WHAT TO PRODUCE
No pictures go in the copy. Restate, word for word, each line from the one containing "Chanel cashmere ecru" through the last line below.

DATASET EXCERPT
%%
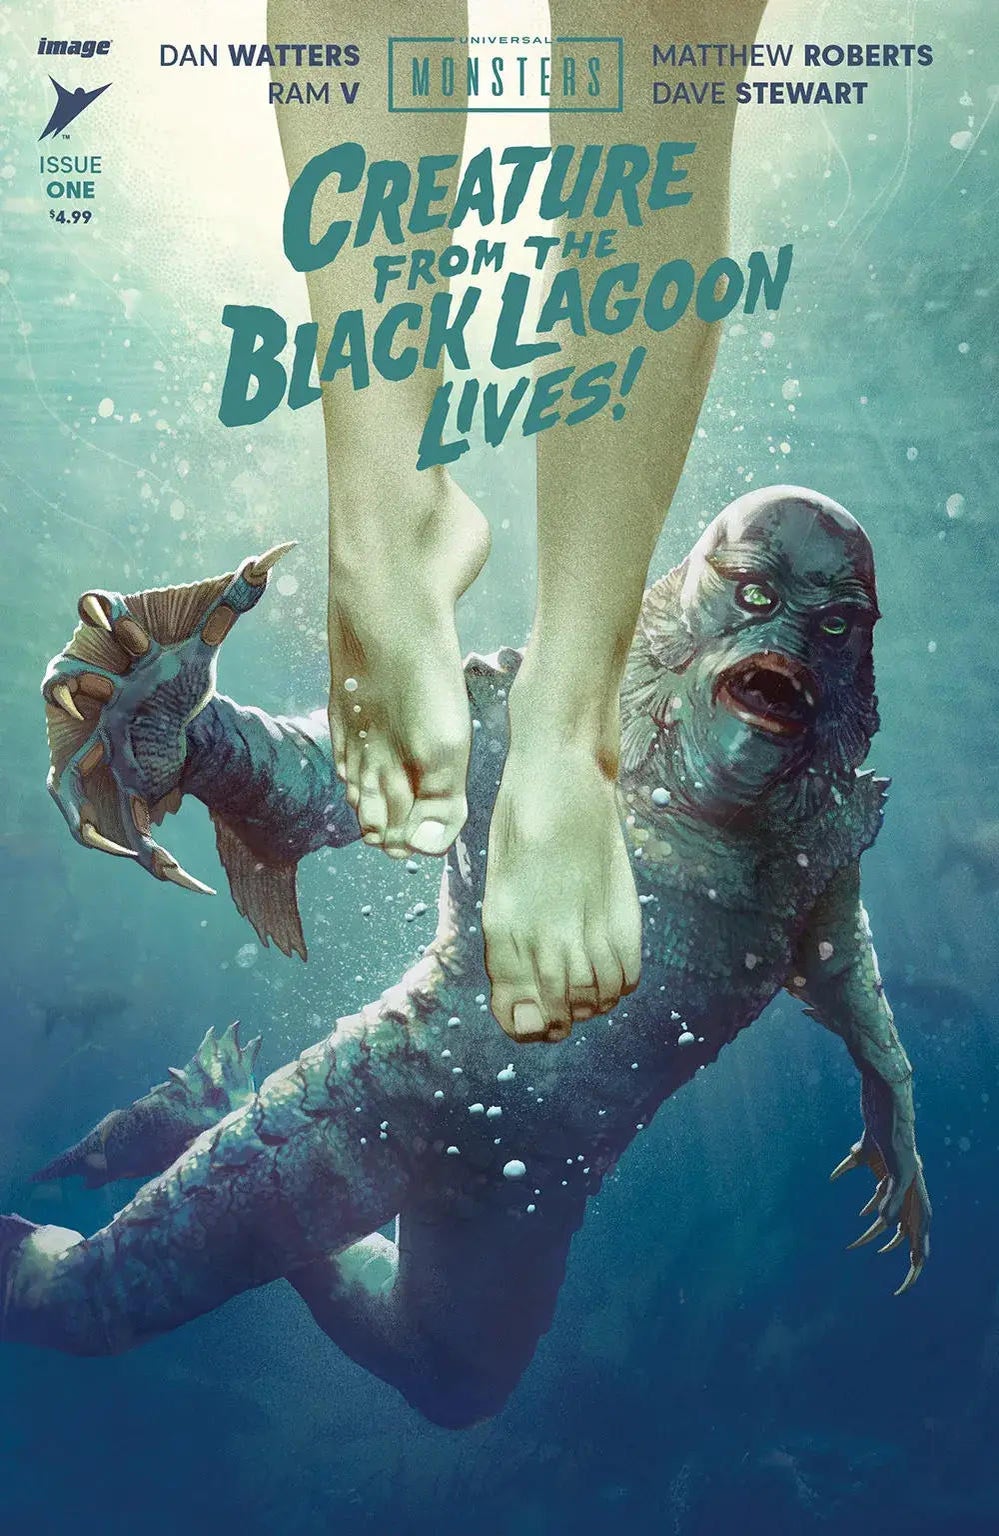 creature-black-lagoon-cover-2.jpg
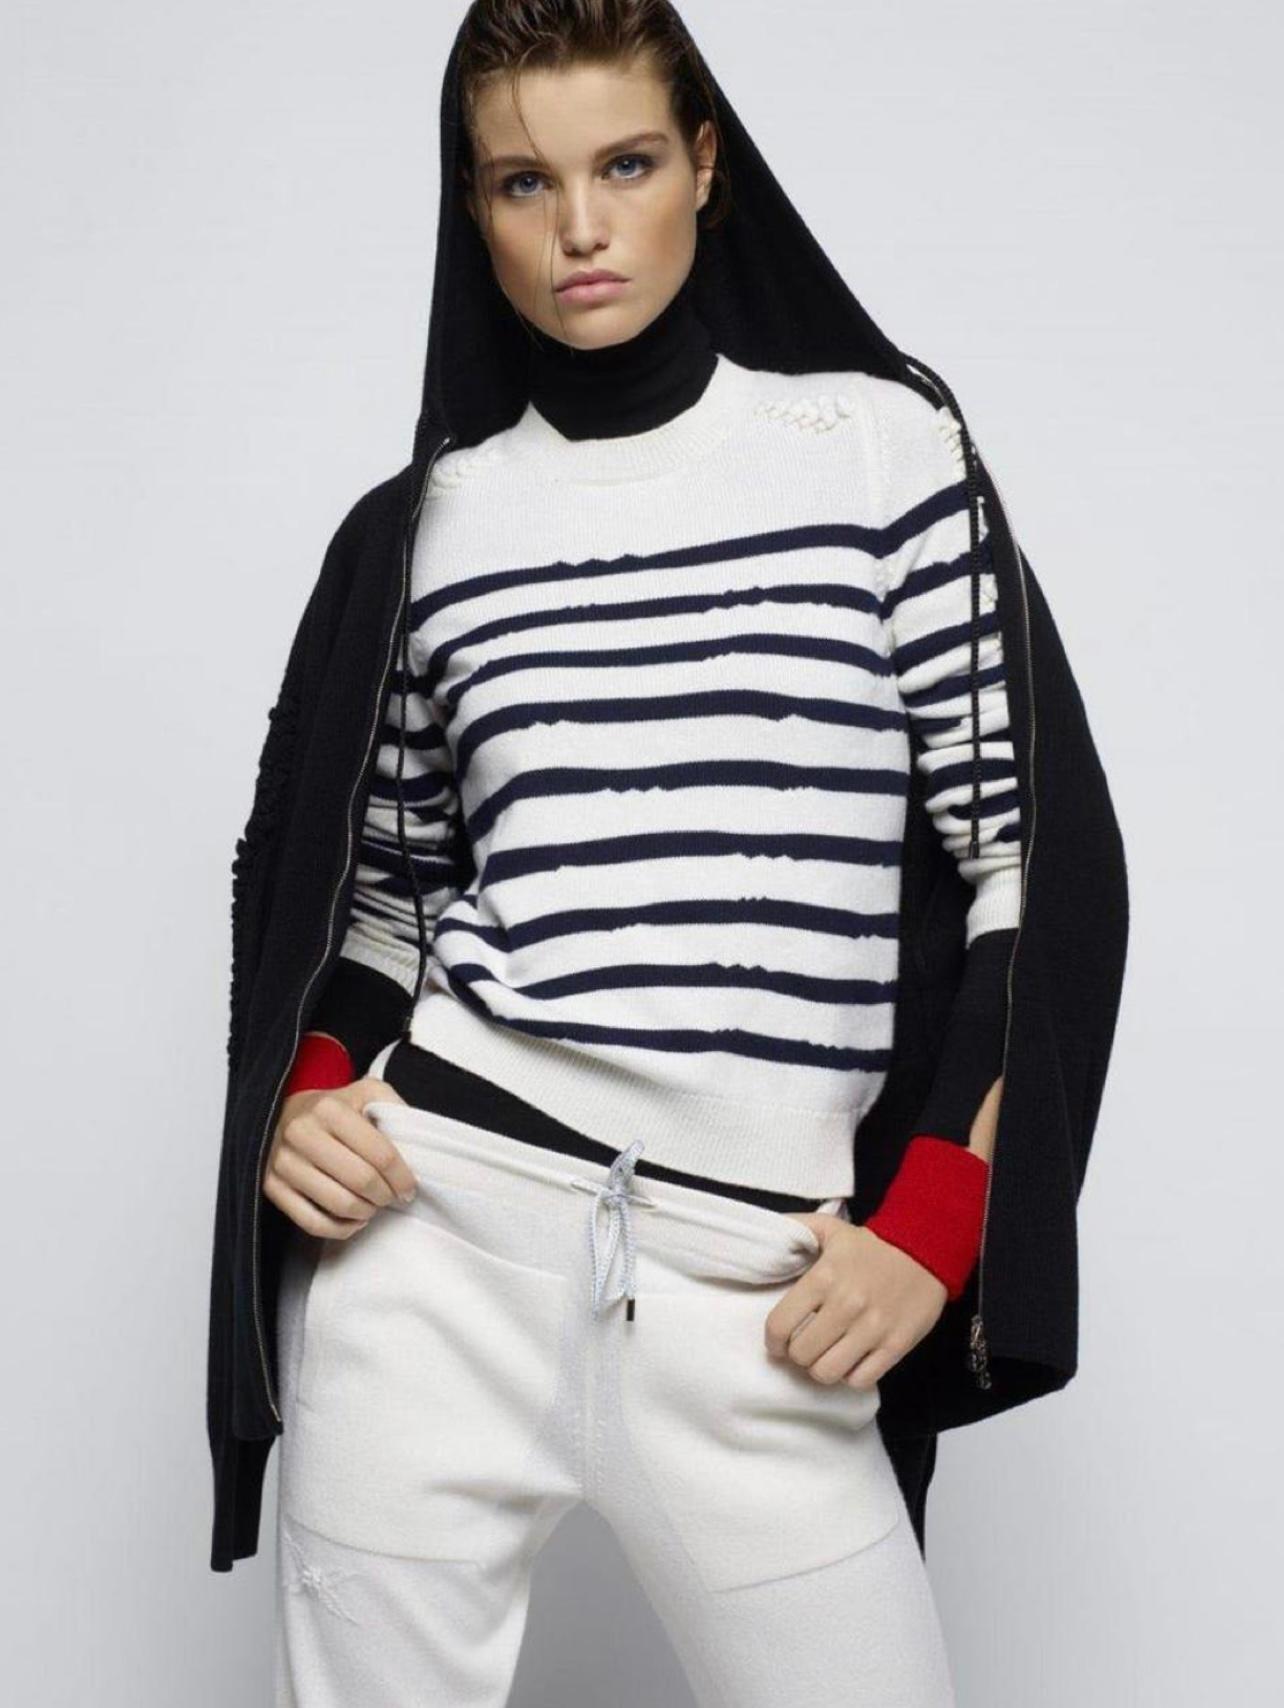 Chanel cashmere ecru / black jumper with CC logo buttons at shoulder. Condition is pristine, size mark 36 FR.
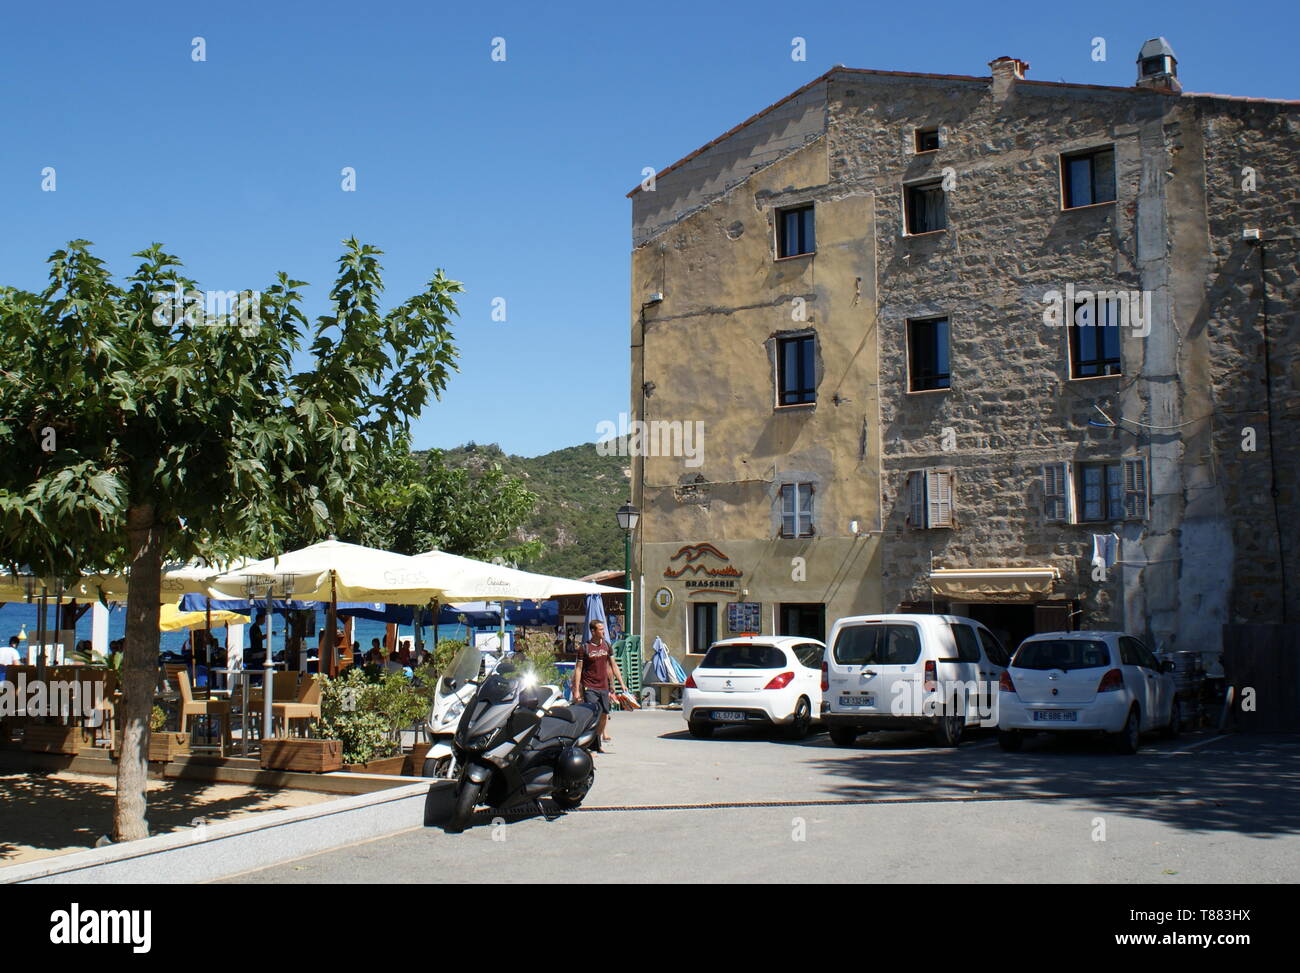 Village de Campomoro, Corse, France Banque D'Images
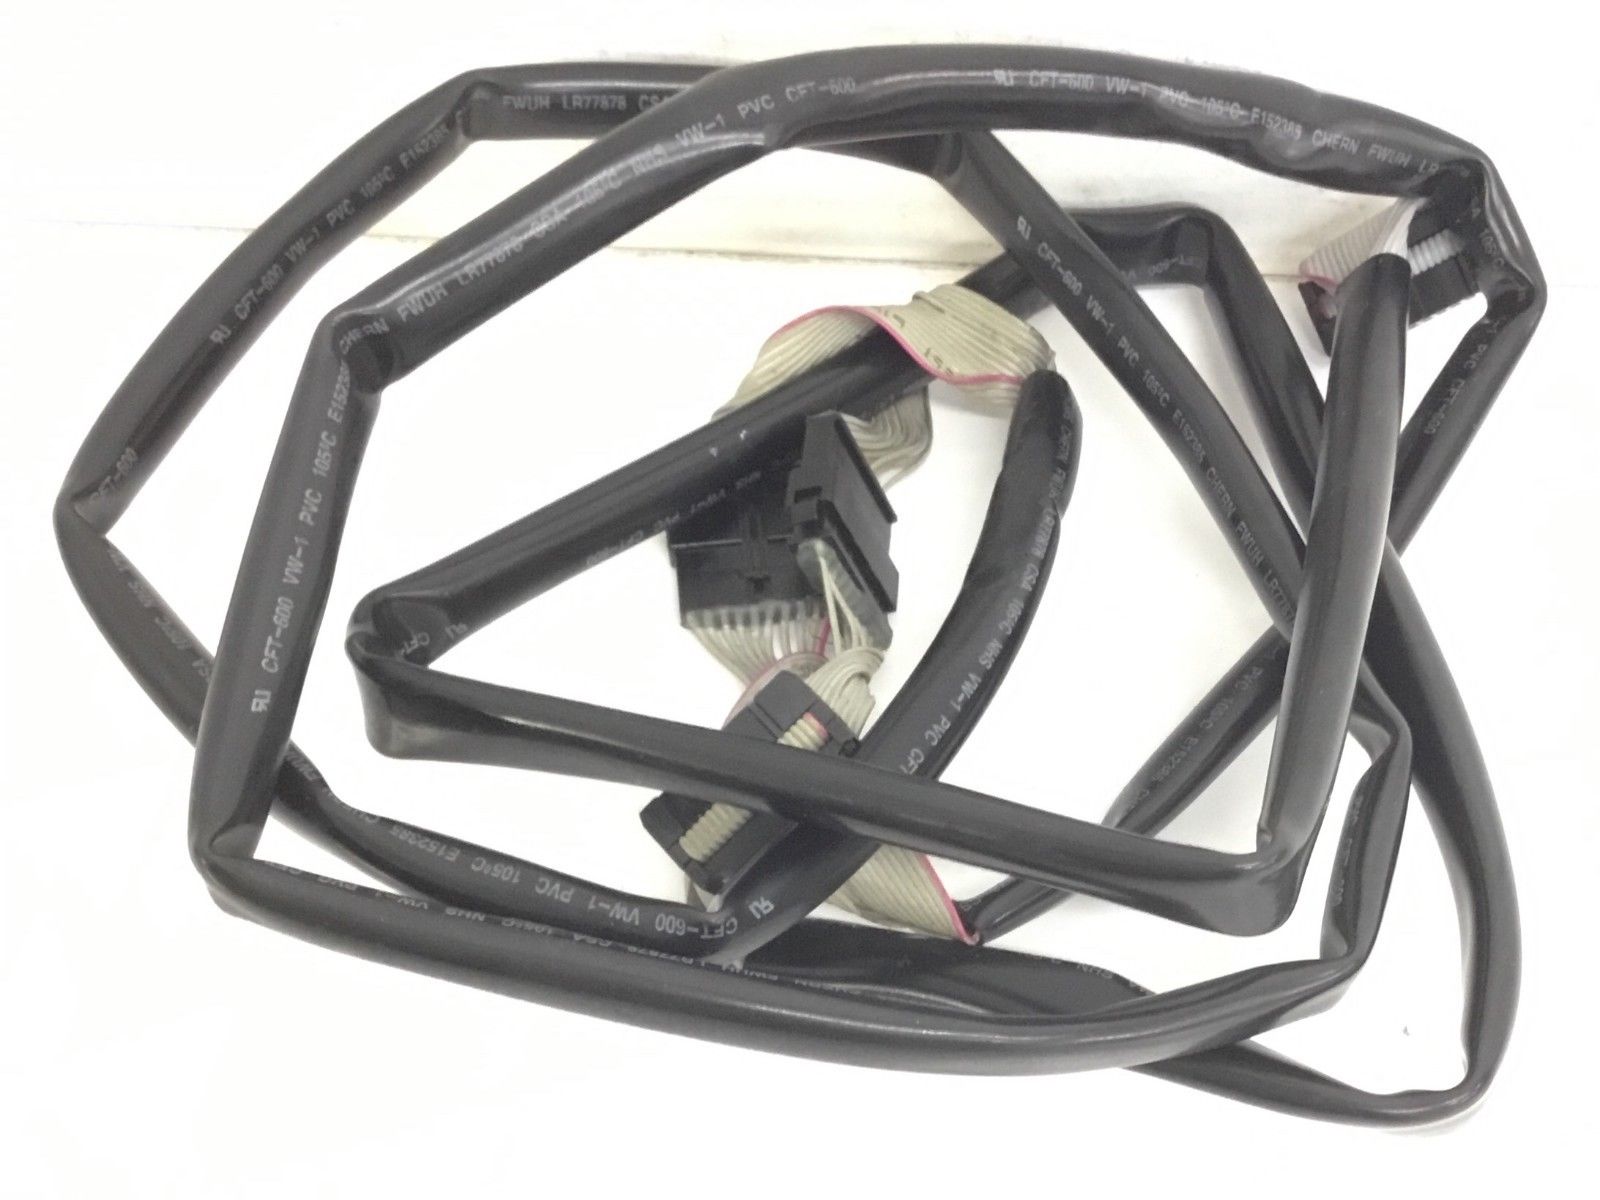 True Fitness PS900 Treadmill Wire Harness (Used)
%%
EXPECTED ANSWER
 Chanel cashmere ecru / black jumper with CC logo buttons at shoulder. Condition is pristine, size mark 36 FR.
 Village de Campomoro, Corse, France Banque D'Images
 True Fitness PS900 Treadmill Wire Harness (Used)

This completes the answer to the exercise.